Scalable Concept Extraction in Industry 4.0

The industry 4.0 is leveraging digital technologies and machine learning techniques to connect and optimize manufacturing processes. Central to this idea is the ability to transform raw data into human understandable knowledge for reliable data-driven decision-making. Convolutional Neural Networks (CNNs) have been instrumental in processing image data, yet, their ``black box'' nature complicates the understanding of their prediction process. In this context, recent advances in the field of eXplainable Artificial Intelligence (XAI) have proposed the extraction and localization of concepts, or which visual cues intervene on the prediction process of CNNs. This paper tackles the application of concept extraction (CE) methods to industry 4.0 scenarios. To this end, we modify a recently developed technique, ``Extracting Concepts with Local Aggregated Descriptors'' (ECLAD), improving its scalability. Specifically, we propose a novel procedure for calculating concept importance, utilizing a wrapper function designed for CNNs. This process is aimed at decreasing the number of times each image needs to be evaluated. Subsequently, we demonstrate the potential of CE methods, by applying them in three industrial use cases. We selected three representative use cases in the context of quality control for material design (tailored textiles), manufacturing (carbon fiber reinforcement), and maintenance (photovoltaic module inspection). In these examples, CE was able to successfully extract and locate concepts directly related to each task. This is, the visual cues related to each concept, coincided with what human experts would use to perform the task themselves, even when the visual cues were entangled between multiple classes. Through empirical results, we show that CE can be applied for understanding CNNs in an industrial context, giving useful insights that can relate to domain knowledge.

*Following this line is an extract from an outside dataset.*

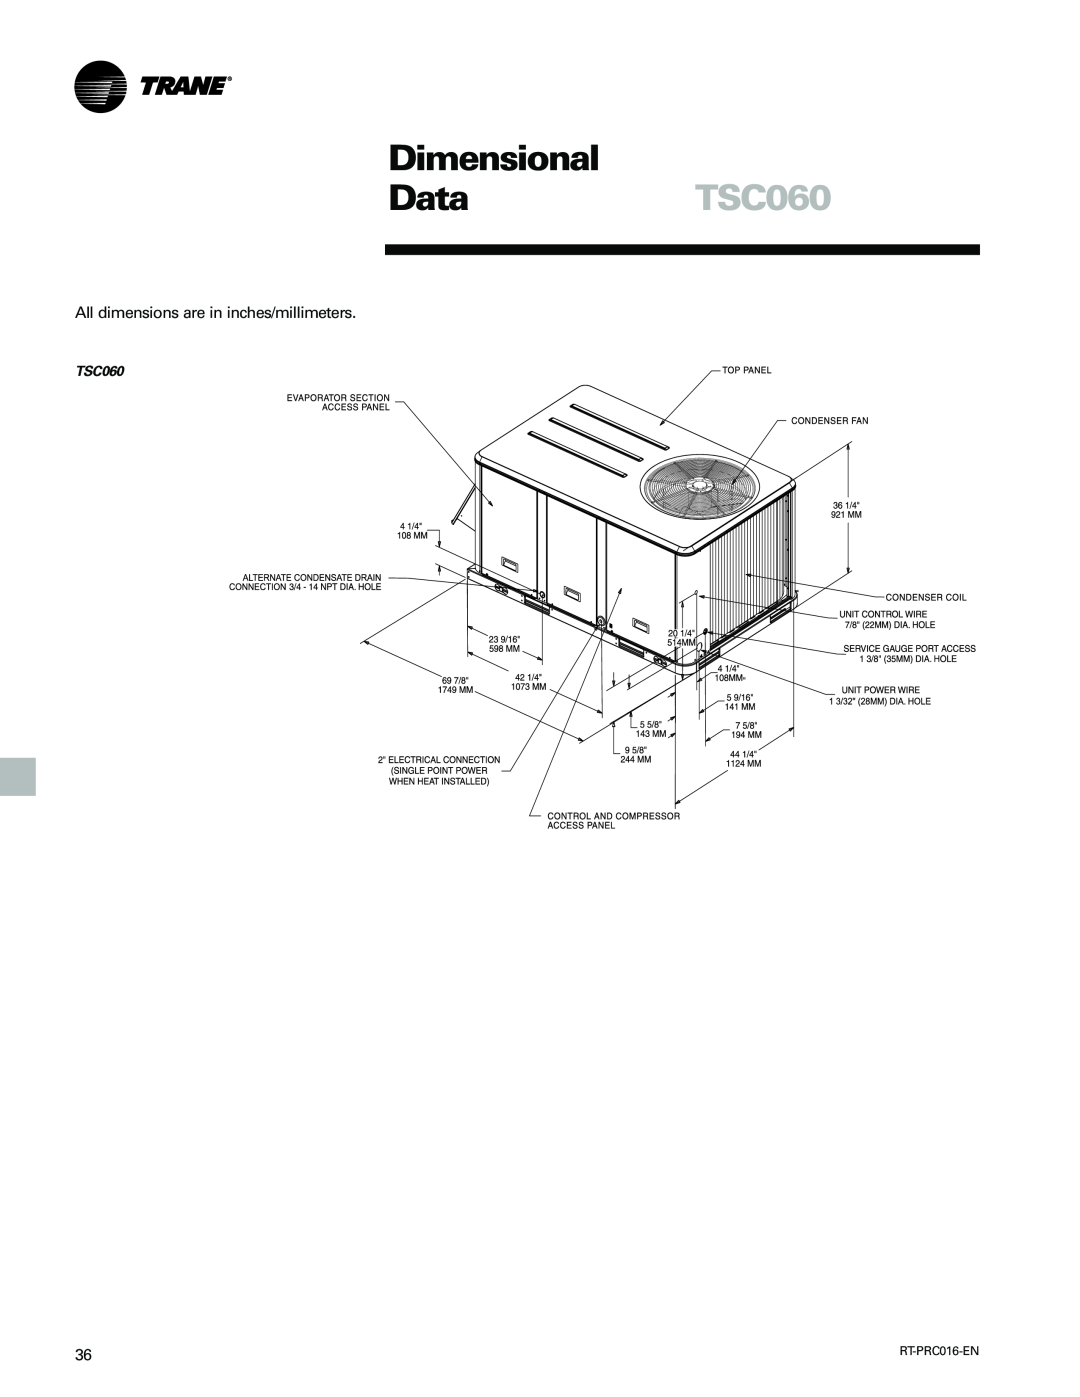 Trane TSC060-120 manual Dimensional, DataTSC060

翻译：工业4.0正利用数字技术和机器学习方法连接并优化制造流程。其核心理念在于将原始数据转化为人类可理解的知识，以实现可靠的数据驱动决策。卷积神经网络（CNN）在处理图像数据方面发挥了重要作用，但其“黑箱”特性增加了理解预测过程的复杂性。在此背景下，可解释人工智能（XAI）领域的最新进展提出了概念的提取与定位，即识别哪些视觉线索介入CNN的预测过程。本文探讨了将概念提取（CE）方法应用于工业4.0场景。为此，我们改进了近期提出的“基于局部聚合描述符的概念提取”（ECLAD）技术，提升了其可扩展性。具体而言，我们提出了一种新的概念重要性计算方法，利用为CNN设计的包装函数，旨在减少每张图像需要评估的次数。随后，我们通过三个工业用例展示了CE方法的潜力。我们选取了三个代表性用例，涵盖材料设计（定制纺织品）的质量控制、制造（碳纤维增强材料）以及维护（光伏组件检测）。在这些示例中，CE成功提取并定位了与各任务直接相关的概念。即每个概念相关的视觉线索与人类专家执行任务时会使用的线索一致，即使这些视觉线索在多个类别间存在混淆。通过实证结果，我们证明CE可应用于理解工业背景下的CNN，并提供与领域知识相关的有用见解。